A car that is always watching

The episode is funny. It is also a small lesson in the bargain of a driverless ride. Waymo's cabin cameras watch for unbuckled seatbelts, smoking, lost items, and cleanliness. The company says staff may review footage after an issue, and in urgent cases watch a live trip. It says it does not use facial recognition to identify riders.

Not everyone found the outcome comforting. The police department's own post drew more than 150 comments, some of them uneasy about a private firm handing its passengers to the authorities. A rider in a car with no driver has no human witness in the seat.
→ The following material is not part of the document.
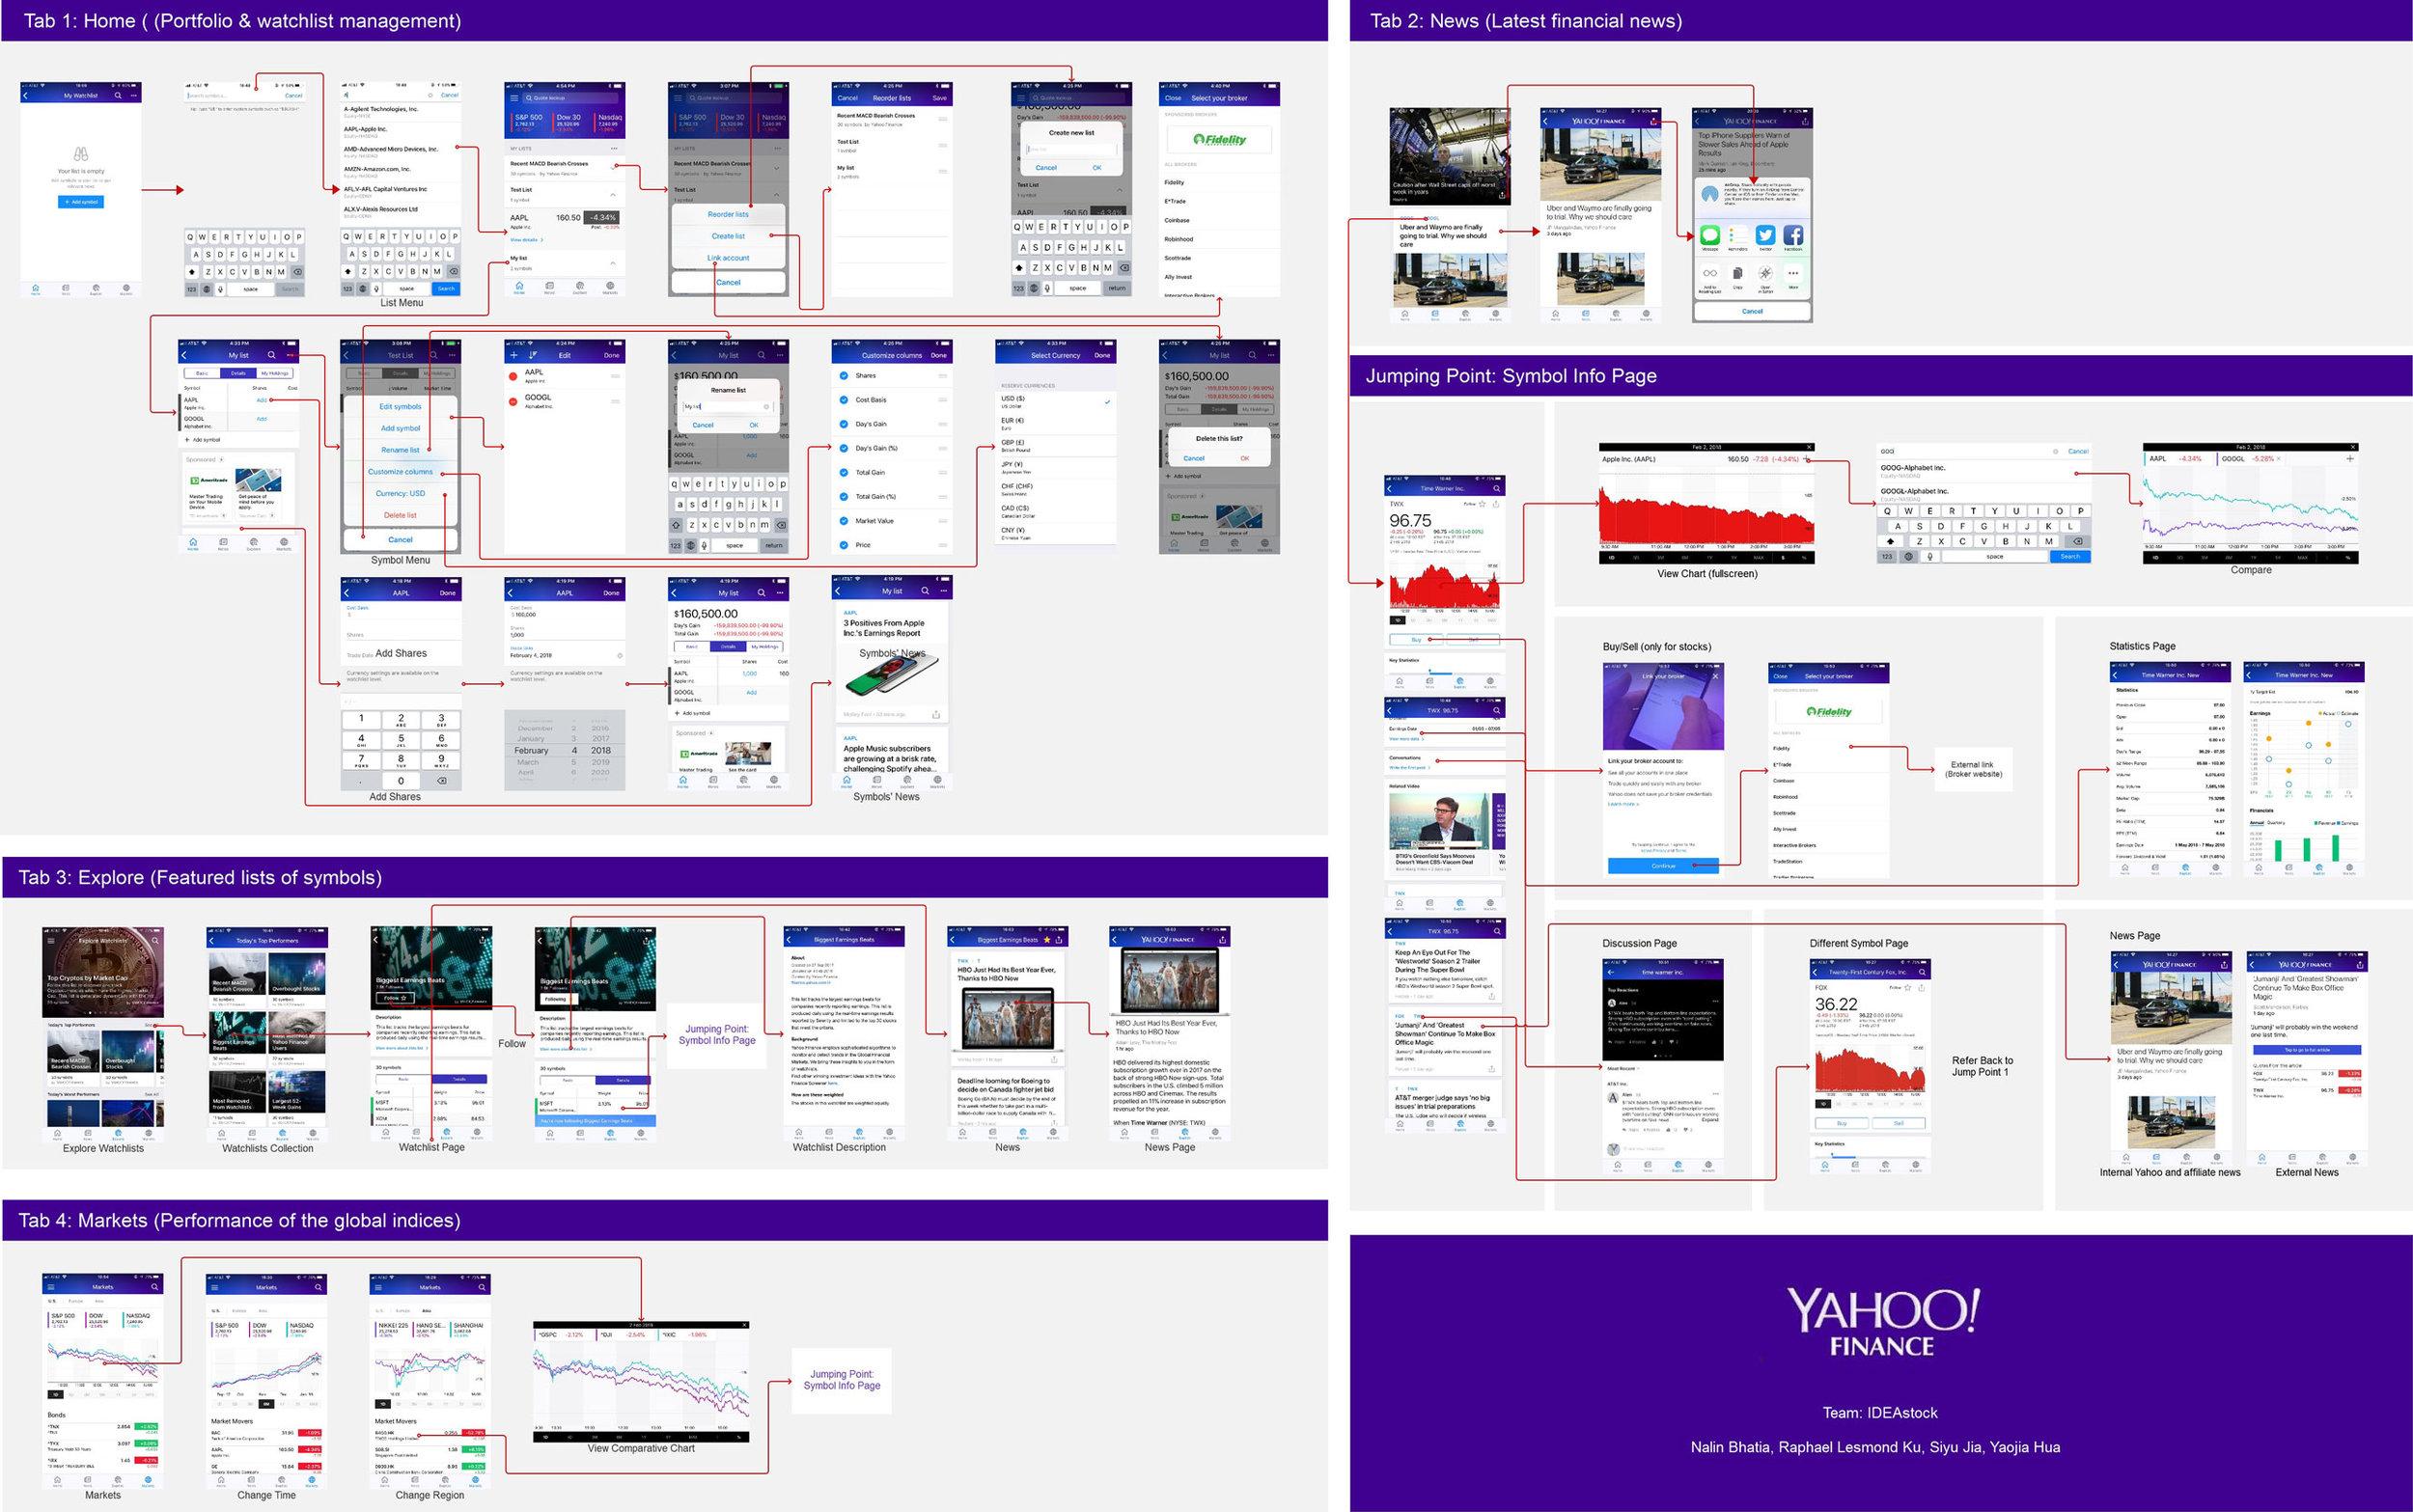 Yahoo Stock Symbol Colbro

What they do have is a company that is watching, and willing to act.

Why your California ride might be free

The timing is awkward for Waymo. In California, it cannot yet charge for rides in its newest car, the Ojai. A state regulator has not finished reviewing the company's application, Wired reports, so those trips may stay free until at least late September.

The reason cuts close to this week's news. The California Public Utilities Commission asked Waymo for more detail on how it handles emergencies. It also asked how the company keeps unaccompanied minors out of its cars. A ride-hail drivers' union had already filed a complaint about Waymo carrying minors without an adult. The San Mateo joyride is a vivid example of the worry.

The Ojai is Waymo's first vehicle built to be a taxi, rather than a retrofitted consumer model. China's Zeekr makes it, and it carries 13 cameras, six radars, and four lidar sensors. Waymo still charges for rides in its Jaguar I-Pace cars, which make up most of the fleet.

Four more cities, and London next

The holdup is a local one. Elsewhere, Waymo is pressing ahead fast. It said on Wednesday it will go fully driverless in San Diego, Las Vegas, Tampa, and Denver. Those rides start with Alphabet staff before opening to the public soon after.

The four join Dallas, Houston, Orlando, and San Antonio, pushing Waymo past ten cities. The company has also begun its first tests abroad, in London. It leads the US robotaxi market by a wide margin, with a fleet that dwarfs Tesla's. That is despite a bumpy year that included a recall of nearly 4,000 cars and a quiet split from Uber in Phoenix.

Why it matters

The San Mateo stop is a light story with a serious core. A driverless car removes the adult in the front seat. In exchange, it adds a set of cameras that never blink, and a firm that will call the police. Regulators in California are now weighing that same trade, one riders will meet in more cities each month.